Sign at University of Dar es Salaam Library
Sign at University of Dar es Salaam Library

Audio landscapes along with imagery help visualize the local context of a design project.

I am in the midst of a course on mobile learning management and I thought that one of the solutions (assignments) that I submitted for the course might be applicable to others out there so here you have it. Basically this involves developing an augmented reality design scenario for students. The background task (which I chose) was to develop learning centers for a hybrid university predominantly existing online, but with regional leaning centers scaled throughout the country in question. Each regional learning center should be contextual to the location in question, yet maintain branded elements (and an overall branded aesthetic) of the overall university. A challenging micro/macro project, for sure, but one that can be accomplished, I think, through some off-the shelf augmented reality technology, a mobile phone or tablet with a microphone, camera, and video recording capabilities, and some sketching application.

Design an augmented reality (AR) scenario

In keeping with the provided example of using AR technology to improve school design to reflect modern educational practices and contextual concerns, I look to a similar example at a new hybrid university with both online and face to face components. In this example, the university is attempting to place the majority of the instructional and reflective activity online while developing face to face models that stress collaboration, consultation, and overall networking. So students perform the vast majority of their work online while meeting at regular intervals face to face at centers scattered throughout the country to foster collaboration, consultation (how accurate is the students’ work), and community building and ideally spurring further reflection.

As such these centers would be designed not to reflect 20th century educational practices, but serve as community centers where students rally around their academic community. Therefore, it is imperative that each center be highly contextual to the surrounding environment. It needs to be inviting, socially designed, capable of performing the educational tasks it has been assigned, and aware of its surrounding sensory elements (audio, imagery, urban vs. rural, ambient elements). AR technology could exist in this design and further it could be a collaborative student/designer-driven learning experiment.
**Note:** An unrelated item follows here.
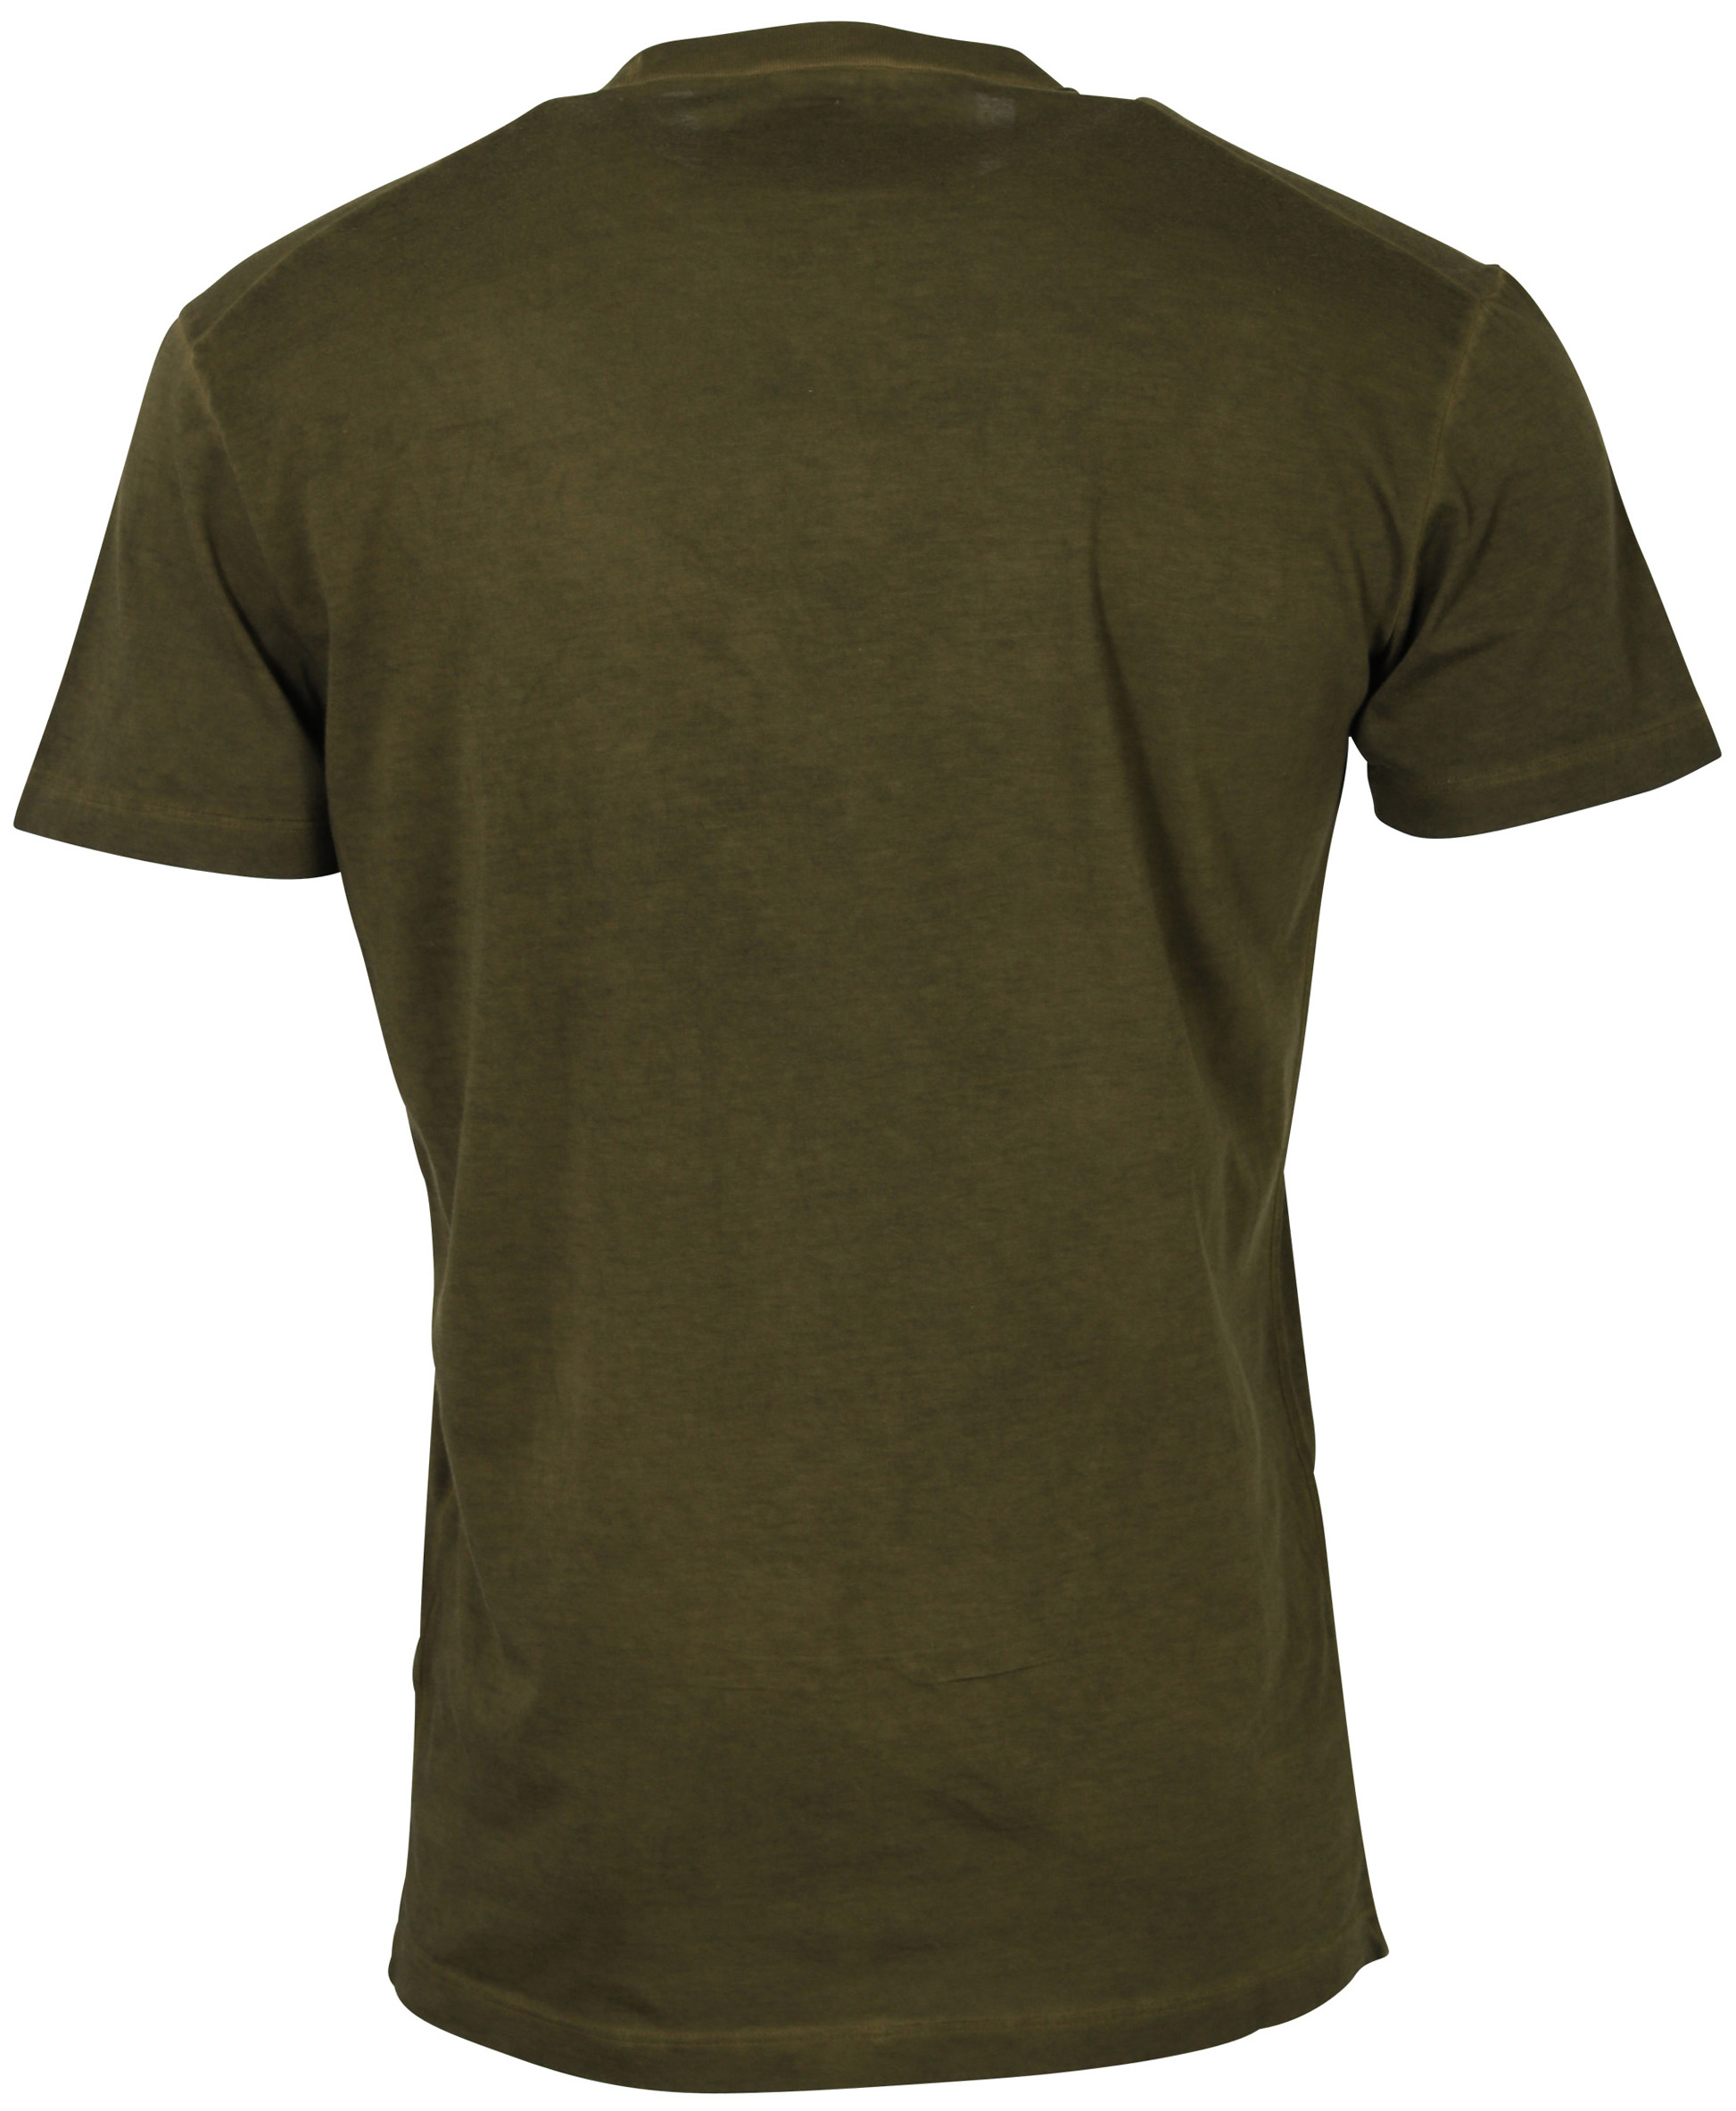 Dsquared T-Shirt Olive Printed S

Cairo University with some preliminary sketches and notes

Task

  1. Design team interviews proposed students and faculty to determine needs for centers. In these interviews, students are asked about their studying process and workflows.
  2. Overall team compiles needs and develops outline of proposed design and models this using Google Sketchup. These outline designs are to be kept visually to basic designs reflecting required functions of the academic community working in them. These designs are made available using mobile technology (using AutoCAD, Google,  http://www.3don.co.uk/ or a similar service)
  3. Three teams travel to three proposed location centers (one each) in City A, City B, City C, all three large urban centers with dramatically different demographics (in terms of cultural influence, climate, religious or ethnic composition, etc.). Teams explore proposed site, capture multimedia of the location. This multimedia would include the following:
    1. audio: recording ambient sounds from each corner of the proposed site and the major approaches (to simulate student approaches to the center)
    2. video: recording the approaches and the site itself (specifically surrounding buildings)
    3. imagery: teams record local signs, colors, buildings, vegetation, and roads
    4. audio from interviews with local shopkeepers, police officers, citizens to determine their understanding of what the center will be
  4. Additionally, design teams research historical imagery from the location and upload that to Historypin (or Wikitude or Layar) to present the historical evolution of the location.
  5. Using AR applications (such as Wikitude or Layar), design teams adjust proposed design to fit local contextual environment.
  6. Teams compile their adjusted design and multimedia captures into one large 3D contextual cityscape/sitescape presenting the proposed center as a product of its contextual surroundings. This is presented to the overall design team and the new design is justified as a product of these particular contextual elements.
  7. To test the accuracy of the newly proposed design, teams rotate to a different location and use the AR to visualize the audio, imagery, and video of the proposed location in comparison to what they see and what is being proposed in the design.
  8. Overall team extracts pattern language (design patterns) from these different designs and uses this pattern language to inform the branding of the individual centers. This branding should organically emerge from the contextual elements of each center.

Academic Process Concept, by Jen Gallagher

 

By Michael Gallagher

My name is Michael Sean Gallagher. I am a Lecturer in Digital Education at the Centre for Research in Digital Education at the University of Edinburgh. I am Co-Founder and Director of Panoply Digital, a consultancy dedicated to ICT and mobile for development (M4D); we have worked with USAID, GSMA, UN Habitat, Cambridge University and more on education and development projects. I was a researcher on the Near Futures Teaching project, a project that explores how teaching at The University of Edinburgh unfold over the coming decades, as technology, social trends, patterns of mobility, new methods and new media continue to shift what it means to be at university. Previously, I was the Research Associate on the NERC, ESRC, and AHRC Global Challenges Research Fund sponsored GCRF Research for Emergency Aftershock Forecasting (REAR) project. I was an Assistant Professor at Hankuk University of Foreign Studies (한국외국어대학교) in Seoul, Korea. I have also completed a doctorate at University College London (formerly the independent Institute of Education, University of London) on mobile learning in the humanities in Korea.